If its a free zone visa that you shall be getting then the M.O.L rules do not apply and no ban shall be placed on you for the free zone visa.

So all in all if you're getting a salary above 12,000 and the fact that the visa is a free zone visa you don't need anything. Just ensure that your company cancels your current visa.

You can go to the Tasheel website to check the status of your labour card. Just need to select 'cancel labour card' option and enter your labour card number to see if anything pops up. If it does then your labour card has been cancelled and you can go to the immigration department to get your visa stamped as being cancelled. Remember to take your form with you as they will keep one copy of the form with them and give you the other.


----------



## mabi

uberkoen said:


> You need to discuss this with the PRO of your company. Its not the responsibility of the new company.
> 
> The usual process involves going to a typing centre with an E-signature card (the PRO will have this) to cancel the labour card. They will print out a form you will need to stamp if using the company's official stamp.
> 
> The stamped form should then be returned to the typing centre with your labour card. Once this happens you can go to the Immigration Department (In Abu Dhabi its the one in Musaffah adjacent to ICAD) to get your visa cancelled.
> 
> This can all be done in two days.
> 
> Now, if you're working locally and it is not a free zone visa you need to ensure that you have a salary above AED 12,000/Month or an NOC from your previous employer in order to avoid getting the M.O.L ban.
> 
> If its a free zone visa that you shall be getting then the M.O.L rules do not apply and no ban shall be placed on you for the free zone visa.
> 
> So all in all if you're getting a salary above 12,000 and the fact that the visa is a free zone visa you don't need anything. Just ensure that your company cancels your current visa.
> 
> You can go to the Tasheel website to check the status of your labour card. Just need to select 'cancel labour card' option and enter your labour card number to see if anything pops up. If it does then your labour card has been cancelled and you can go to the immigration department to get your visa stamped as being cancelled.

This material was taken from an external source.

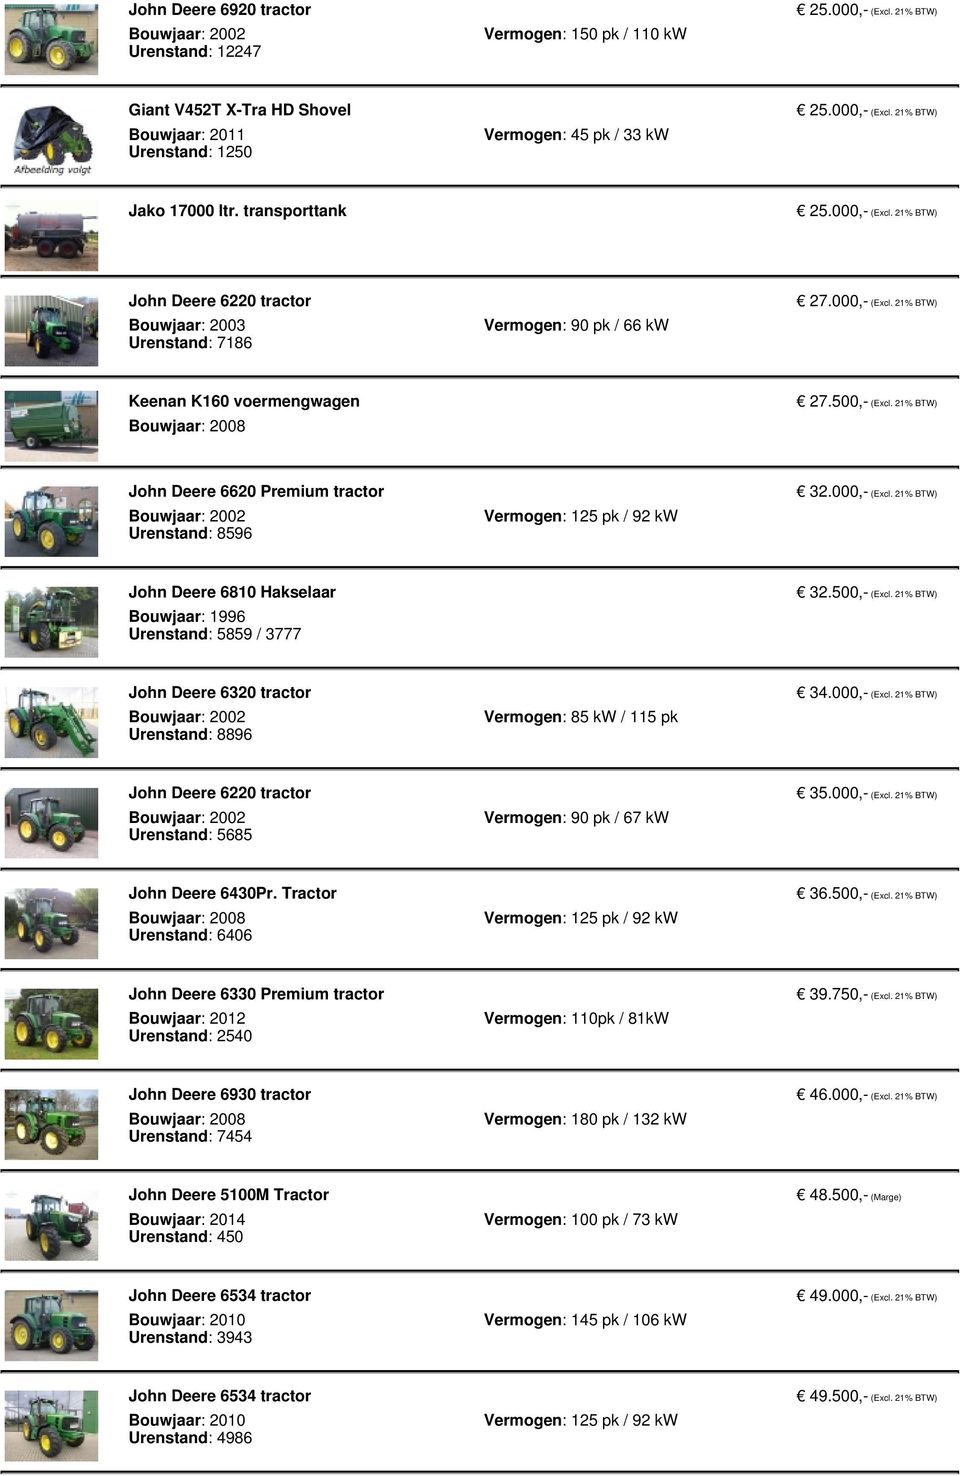 21% BTW) John Deere 6620 Premium tractor Urenstand: 8596 Vermogen: 125 pk / 92 kw 32.000,- (Excl. 21% BTW) John Deere 6810 Hakselaar Bouwjaar: 1996 Urenstand: 5859 / 3777 32.500,- (Excl.
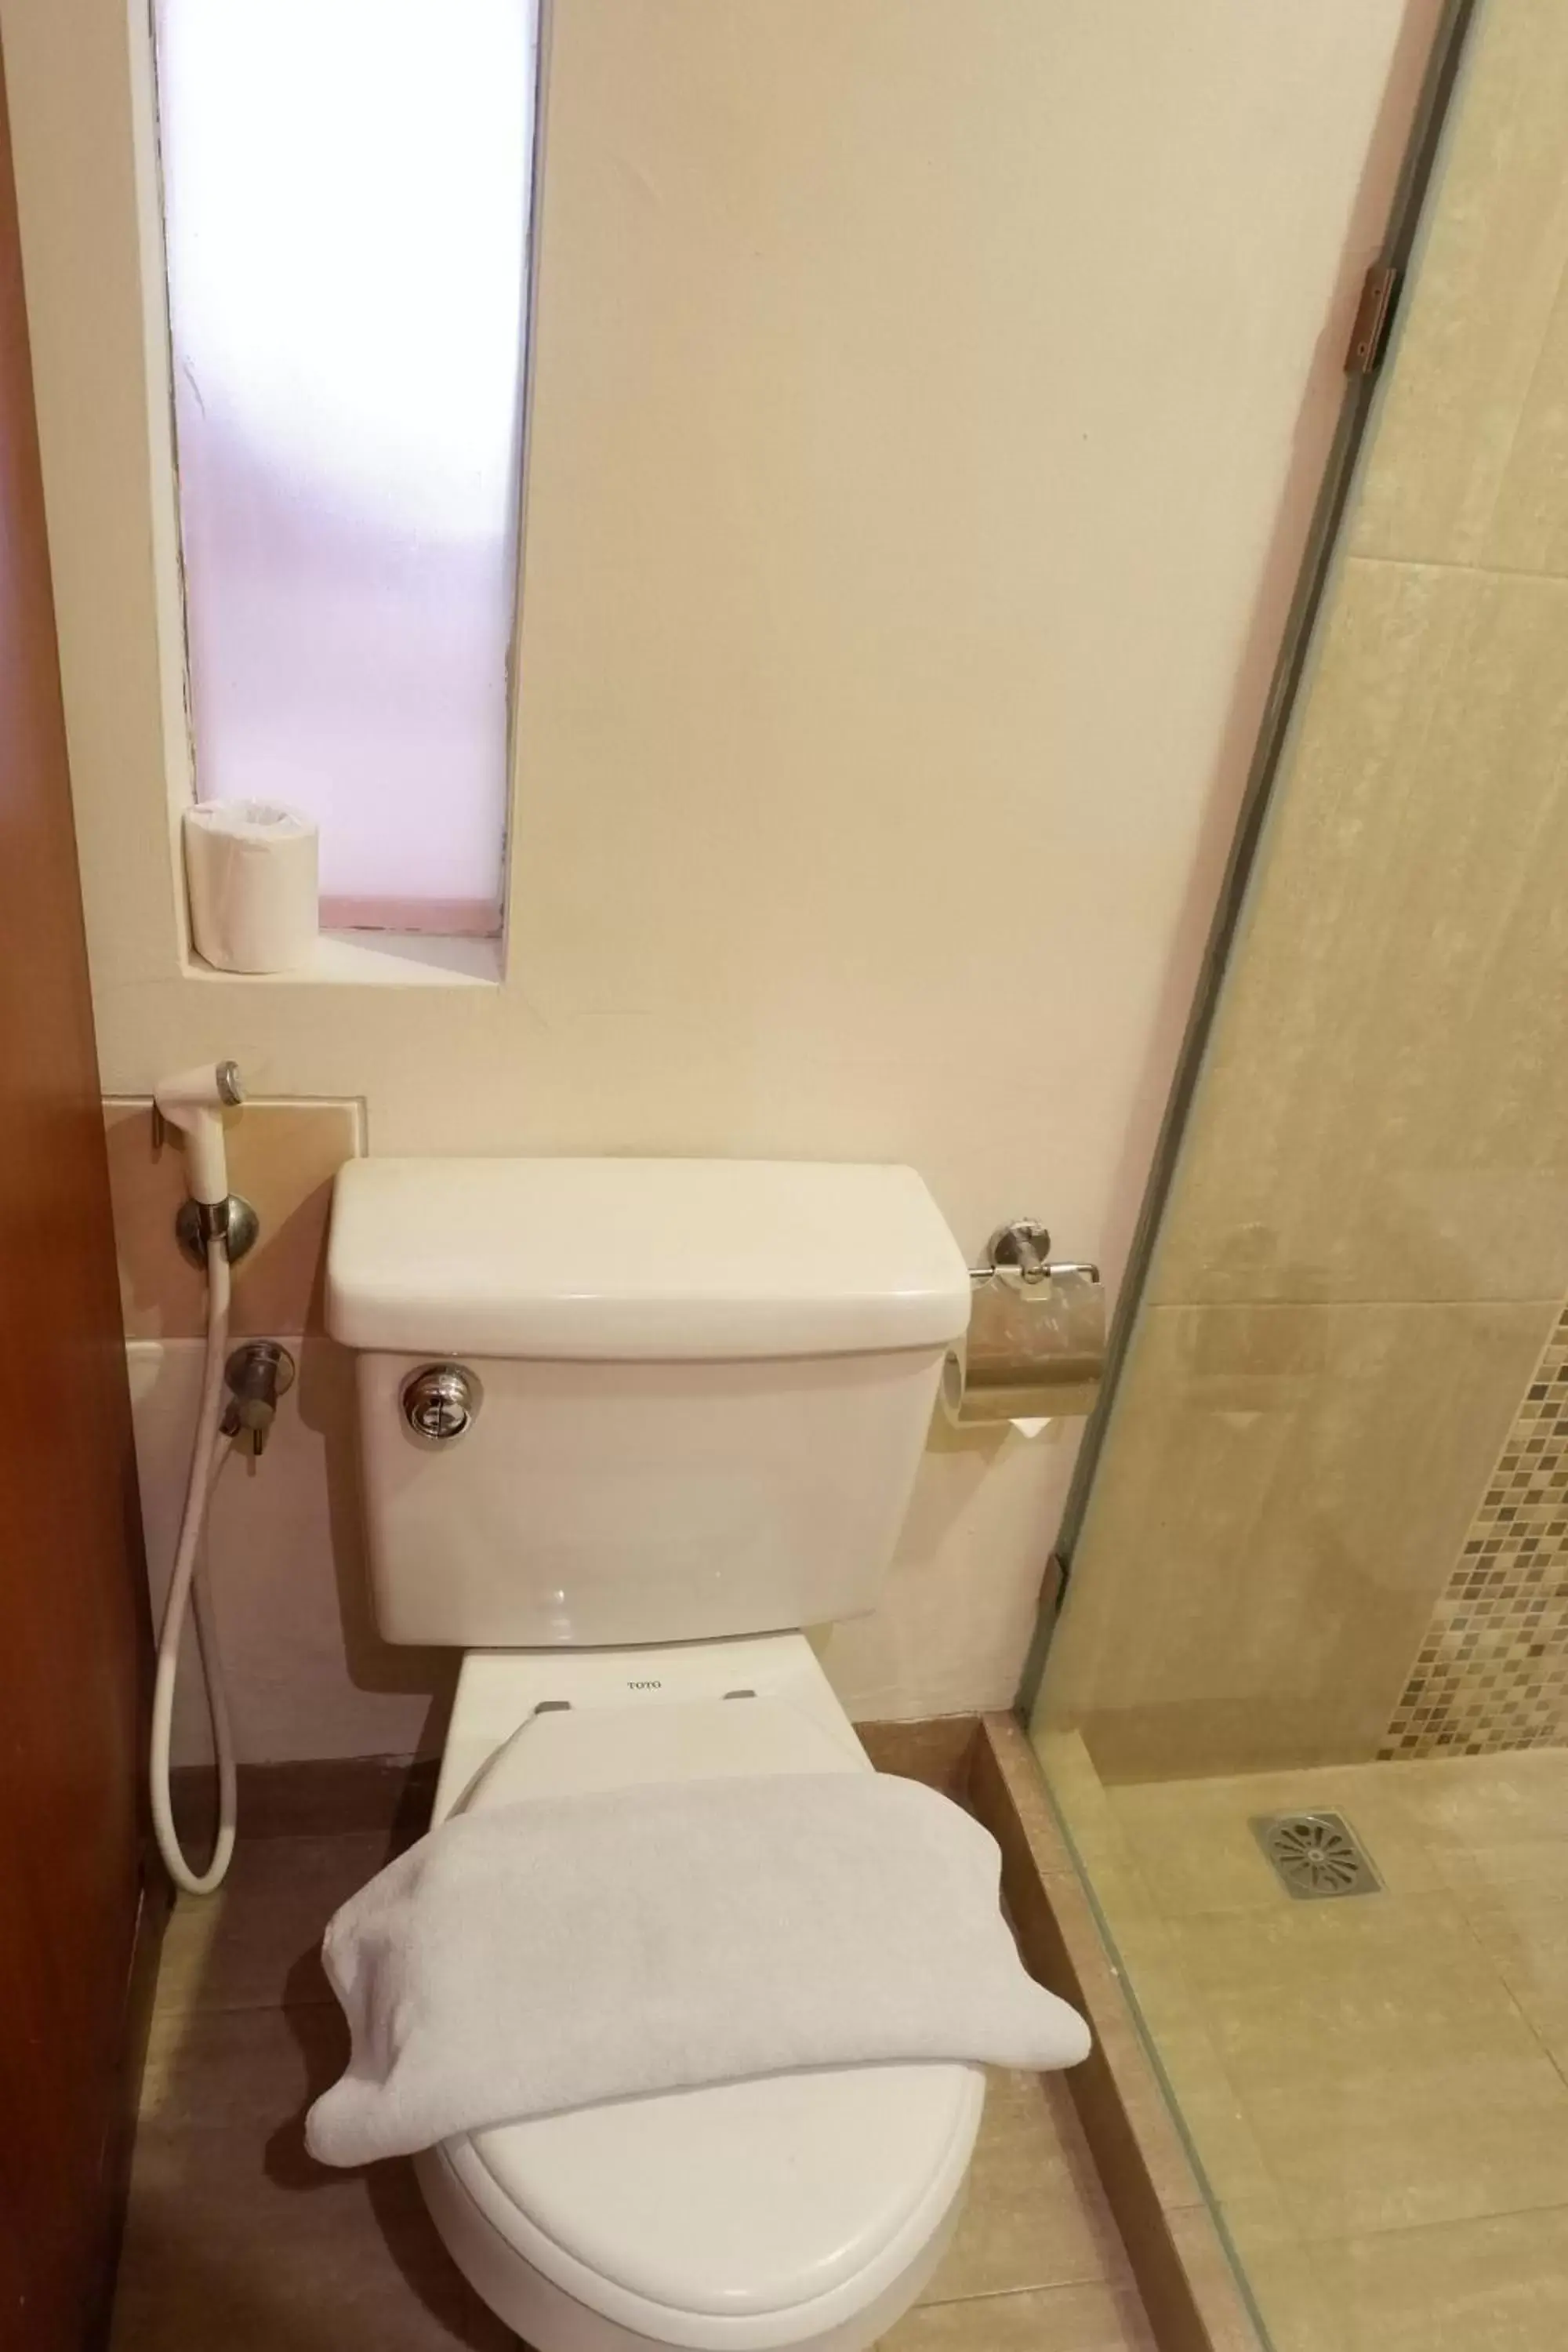 Toilet, Bathroom in ibis Styles Bali Legian - CHSE Certified

Remember to take your form with you as they will keep one copy of the form with them and give you the other.




Thank you uberkoen..some good news..my visa has been cancelled and there is no ban on me either..it should all be well from here inshallah.


----------



## anilvusirikala

mabi said:


> Thank you uberkoen..some good news..my visa has been cancelled and there is no ban on me either..it should all be well from here inshallah.


Did you get the new entry permit???? Or did you face any probelm in gettting new entry permit.


----------



## Rhickzn

Sir,
what are the requirements of cancelling an Employment Entry Permit?
Is it require to give my my original passport?
I am having the same condition with Mabi..
I am afraid that the company will do something for my passport to keep me contacting them after I am paying them AED 6,000 for the cost of preparing the visa instead but now not to pursue w/ them


----------



## Stevesolar

Rhickzn said:


> Sir,
> what are the requirements of cancelling an Employment Entry Permit?
> Is it require to give my my original passport?
> I am having the same condition with Mabi..
> I am afraid that the company will do something for my passport to keep me contacting them after I am paying them AED 6,000 for the cost of preparing the visa instead but now not to pursue w/ them


Hi,
Welcome to the forum.
Firstly - don't pay anyone 6000 AED to get you an entry permit!
If a company arranges an entry permit and you don't use it, then it expires after a certain time (other members will confirm time).
Be careful that you are not being scammed.
Cheers
Steve


----------



## Chocoholic

6,000 Dhs!!!!! NO WAY an entry permit costs that much, no way at all.


----------



## yudee007

Please how do I confirm the authenticity of an Employment Entry Permit issued to me?


----------



## glcobana

I have similar issue with an unutilised entry permit from free zone that's not canceled. Will I get a grace period once this unused entry permit has been cancelled?


----------